• _Action item_: Look below for the line that has "Close-up portrait of". Set down the lines from there through the line that has "Thank you for the wise words bro @kwakuu_30", exactly as written.

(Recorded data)
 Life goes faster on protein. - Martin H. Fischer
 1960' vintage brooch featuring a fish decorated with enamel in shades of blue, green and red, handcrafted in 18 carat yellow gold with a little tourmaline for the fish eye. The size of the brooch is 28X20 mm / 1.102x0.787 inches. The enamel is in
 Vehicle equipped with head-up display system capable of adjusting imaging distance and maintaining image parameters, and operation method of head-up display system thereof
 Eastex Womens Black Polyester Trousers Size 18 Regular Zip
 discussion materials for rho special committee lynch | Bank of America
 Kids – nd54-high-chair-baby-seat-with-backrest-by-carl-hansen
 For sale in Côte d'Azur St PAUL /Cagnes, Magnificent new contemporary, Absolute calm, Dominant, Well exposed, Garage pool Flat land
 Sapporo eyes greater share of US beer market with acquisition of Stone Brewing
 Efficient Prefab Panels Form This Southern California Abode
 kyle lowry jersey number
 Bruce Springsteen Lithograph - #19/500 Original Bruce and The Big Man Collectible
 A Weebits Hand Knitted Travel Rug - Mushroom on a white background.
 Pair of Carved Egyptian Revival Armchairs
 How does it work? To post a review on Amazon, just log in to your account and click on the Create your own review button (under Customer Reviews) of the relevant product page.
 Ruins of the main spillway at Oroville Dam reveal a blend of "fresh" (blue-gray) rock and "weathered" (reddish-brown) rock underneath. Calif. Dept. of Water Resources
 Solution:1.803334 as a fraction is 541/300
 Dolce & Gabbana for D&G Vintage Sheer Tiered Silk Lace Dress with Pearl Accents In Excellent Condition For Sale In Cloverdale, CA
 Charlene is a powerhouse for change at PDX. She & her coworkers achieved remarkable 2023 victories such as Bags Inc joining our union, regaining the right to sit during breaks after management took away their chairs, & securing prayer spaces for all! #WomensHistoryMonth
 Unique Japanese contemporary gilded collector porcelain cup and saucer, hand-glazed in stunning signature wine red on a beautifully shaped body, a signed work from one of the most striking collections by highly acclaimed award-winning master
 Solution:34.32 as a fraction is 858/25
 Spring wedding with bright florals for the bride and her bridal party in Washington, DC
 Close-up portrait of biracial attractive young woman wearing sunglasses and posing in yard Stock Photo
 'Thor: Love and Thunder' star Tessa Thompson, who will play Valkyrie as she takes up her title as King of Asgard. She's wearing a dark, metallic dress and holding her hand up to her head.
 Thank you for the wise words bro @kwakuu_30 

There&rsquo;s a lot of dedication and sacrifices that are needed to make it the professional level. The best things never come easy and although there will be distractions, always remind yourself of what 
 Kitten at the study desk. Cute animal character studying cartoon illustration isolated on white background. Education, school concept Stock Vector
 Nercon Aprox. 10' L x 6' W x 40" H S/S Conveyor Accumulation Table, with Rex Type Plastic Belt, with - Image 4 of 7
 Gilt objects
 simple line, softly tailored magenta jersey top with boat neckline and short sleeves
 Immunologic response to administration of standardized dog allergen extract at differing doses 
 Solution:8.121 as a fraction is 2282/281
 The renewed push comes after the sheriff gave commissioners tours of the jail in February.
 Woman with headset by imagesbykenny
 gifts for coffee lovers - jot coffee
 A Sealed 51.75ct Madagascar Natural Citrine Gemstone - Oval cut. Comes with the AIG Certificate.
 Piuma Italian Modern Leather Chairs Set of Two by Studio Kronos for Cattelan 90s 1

• _Exercise solution_:
 Close-up portrait of biracial attractive young woman wearing sunglasses and posing in yard Stock Photo
 'Thor: Love and Thunder' star Tessa Thompson, who will play Valkyrie as she takes up her title as King of Asgard. She's wearing a dark, metallic dress and holding her hand up to her head.
 Thank you for the wise words bro @kwakuu_30 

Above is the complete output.